Anyway, the test statistic, appropriate if the original Kruskall-Wallis statistic ${\color{royalblue}{T}}$ is significant at the $\alpha$ level, is

$$
\frac{
  {\color{royalblue}{R_i}}/n_i-{\color{royalblue}{R_j}}/n_j
}
{
  \sqrt{
    {\color{royalblue}{S^2}}\frac{N-1-{\color{royalblue}{T}}}{N-k}
    \left(\frac{1}{n_i}+\frac{1}{n_j}\right)
  }
}
$$

which is to be compared to the $\alpha/2$ tail of the Student-$t$ distribution with $N-k$ degrees of freedom.  Here
$$
{\color{royalblue}{S^2}} = \frac{1}{N-1}\sum_{i=1}^k \sum_{j=1}^{n_i}
    \left({\color{royalblue}{R_{ij}}}-\overline{R}\right)^2
$$
is the normalizing quantity in the denominator of the Kruskall-Wallis statistic, which is equal to $\frac{N(N+1)}{12}$ if there are no ties.
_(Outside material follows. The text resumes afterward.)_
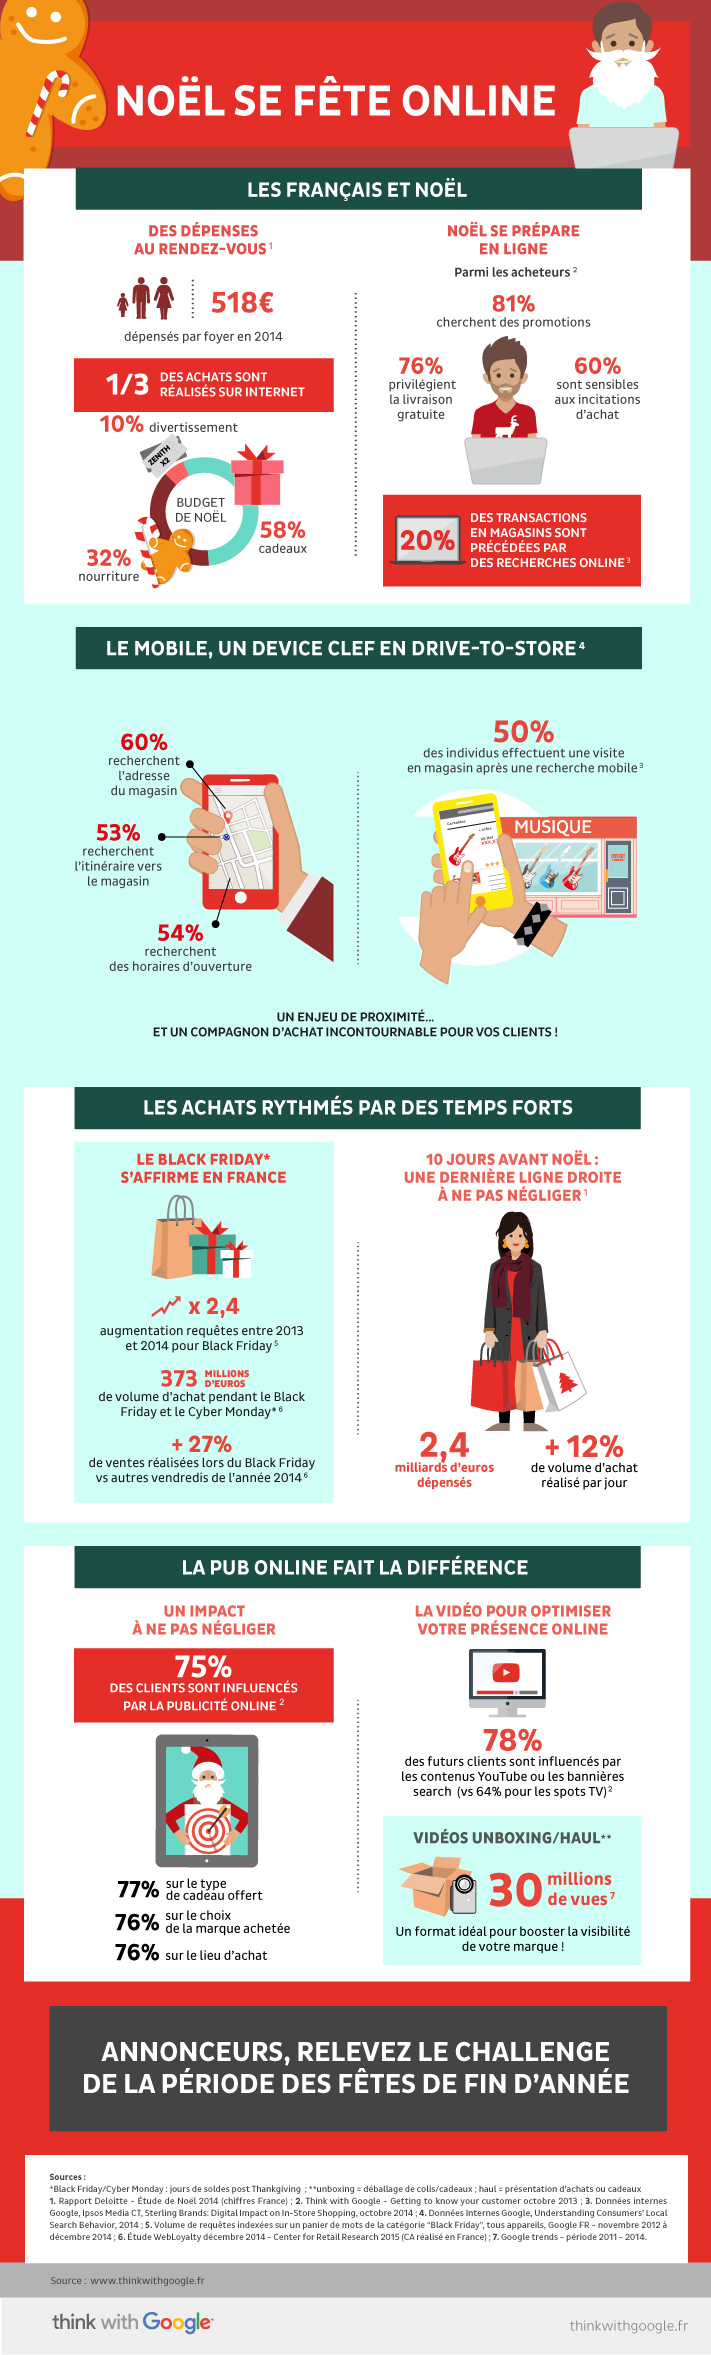 Infographie sur "Noël se fête online": les Français utilisent leur smartphone pour préparer les fêtes de fin d'année.

Returning to our example, recall we got $p=0.125$ from the Kruskal-Wallis test, so there's not really any evidence of the samples differing.

In [18]:
stats.chi2(df=k-1).sf(T)

0.12531520484413722

But suppose the data had been a little different, and indicated a more significant mismatch (keeping the same sizes so we don't have to recompute $n_i$, $k$, etc.)

In [19]:
newx_i_j = [
    np.array([ 14.97,   5.80,  15.03,   5.50 ]),
    np.array([  5.83,  13.96,  21.96 ]),
    np.array([ 27.89,  23.03,  61.09,   18.62,  55.51 ])
]
newx_r = np.concatenate(newx_i_j)
newR_r = stats.rankdata(newx_r)
newR_i_j = [newR_r[i_r==i] for i in range(k)]; newR_i_j

[array([5., 2., 6., 1.]),
 array([3., 4., 8.]),
 array([10.,  9., 12.,  7., 11.])]

In [20]:
newR_i = np.array([np.sum(Ri_j) for Ri_j in newR_i_j]); newR_i

array([14., 15., 49.])

In [21]:
newT = (N-1) * np.sum((newR_i-n_i*Rbar)**2/n_i) / np.sum((newR_r-Rbar)**2); newT

7.476923076923077

In [22]:
stats.chi2(df=k-1).sf(newT)

0.023790676031139445

Now it's significant at below the 5% level, so we can ask which differences are significant.

In [23]:
newSsq = np.sum((newR_r-Rbar)**2)/(N-1); newSsq, N*(N+1)/12

(13.0, 13.0)

In [24]:
newRbar_i = newR_i/n_i; newRbar_i, Rbar

(array([3.5, 5. , 9.8]), 6.5)

In [25]:
newT_ii = (newRbar_i[:,None]-newRbar_i[None,:])/np.sqrt(newSsq*(N-1-T)/(N-k)*(1/n_i[:,None]+1/n_i[None,:])); newT_ii

array([[ 0.        , -0.62453835, -2.98648642],
       [ 0.62453835,  0.        , -2.0901051 ],
       [ 2.98648642,  2.0901051 ,  0.        ]])

In [26]:
2*stats.t(df=N-k).sf(np.abs(newT_ii)), stats.chi2(df=k-1).sf(newT)

(array([[1.        , 0.54777771, 0.01528782],
        [0.54777771, 1.        , 0.06617206],
        [0.01528782, 0.06617206, 1.        ]]),
 0.023790676031139445)

You will examine this test more carefully on the homework.